─── SUPPLIED DATA ───

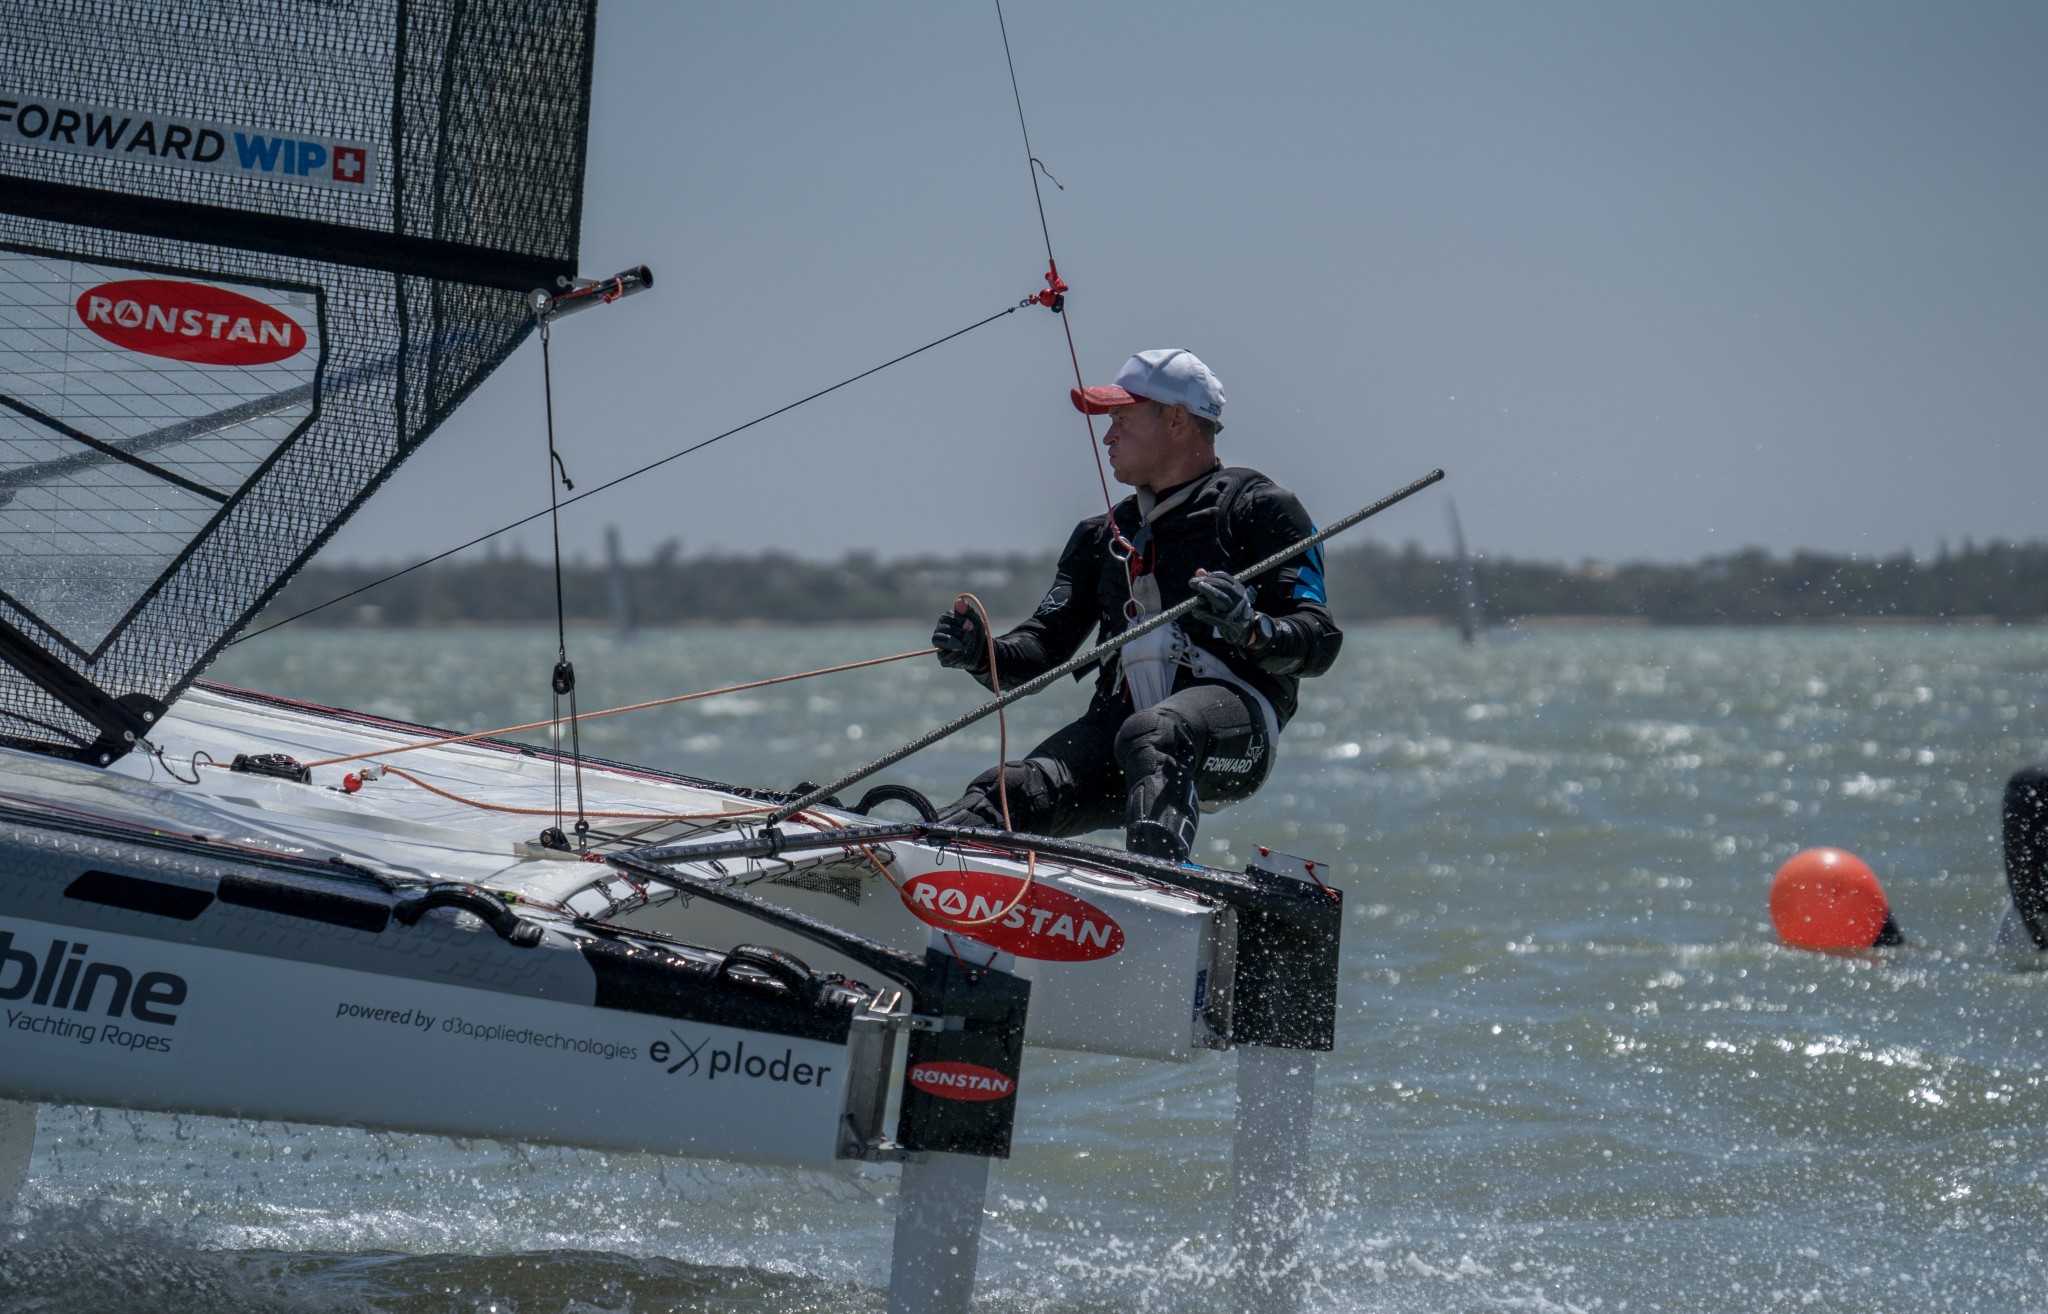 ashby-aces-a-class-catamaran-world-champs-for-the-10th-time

───
─── SUPPLIED DATA ───

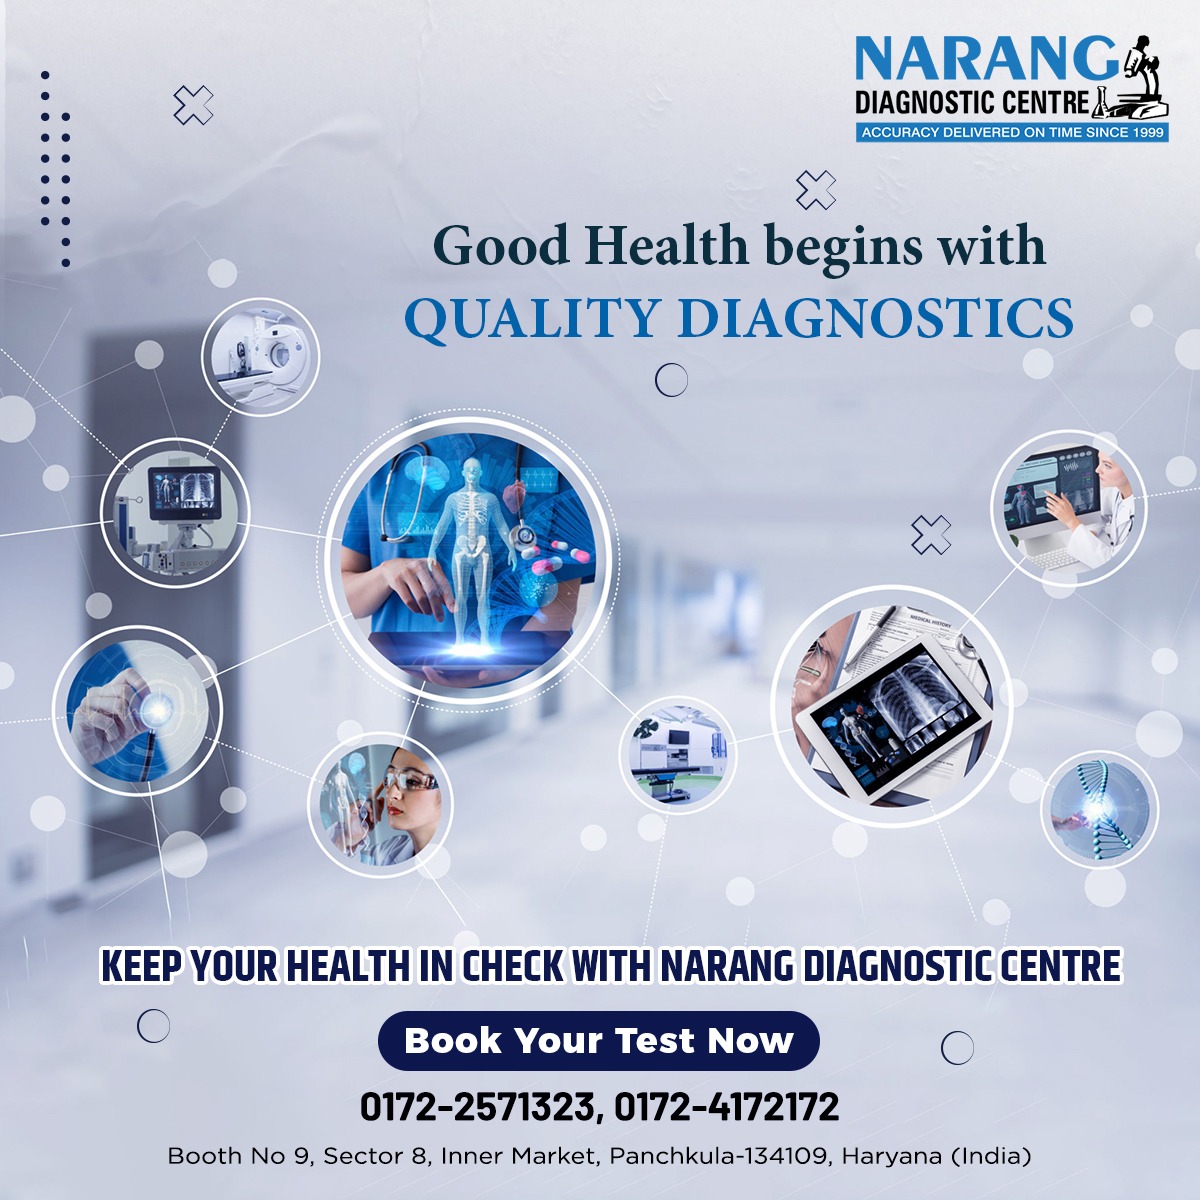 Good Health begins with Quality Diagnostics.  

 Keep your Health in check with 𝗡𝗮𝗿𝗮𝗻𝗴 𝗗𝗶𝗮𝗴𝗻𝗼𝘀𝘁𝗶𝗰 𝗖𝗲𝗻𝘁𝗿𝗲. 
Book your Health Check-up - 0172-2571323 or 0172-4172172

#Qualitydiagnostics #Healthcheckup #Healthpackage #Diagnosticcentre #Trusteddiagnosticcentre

───

WHAT IS EXPECTED: Write out, from the lines above, only those from the line with "Keep your Health" to the line with "#Qualitydiagnostics #Healthcheckup #Healthpackage", exactly as given, including the first and the last.

OUTPUT OF THE EXERCISE:
 Keep your Health in check with 𝗡𝗮𝗿𝗮𝗻𝗴 𝗗𝗶𝗮𝗴𝗻𝗼𝘀𝘁𝗶𝗰 𝗖𝗲𝗻𝘁𝗿𝗲. 
Book your Health Check-up - 0172-2571323 or 0172-4172172

#Qualitydiagnostics #Healthcheckup #Healthpackage #Diagnosticcentre #Trusteddiagnosticcentre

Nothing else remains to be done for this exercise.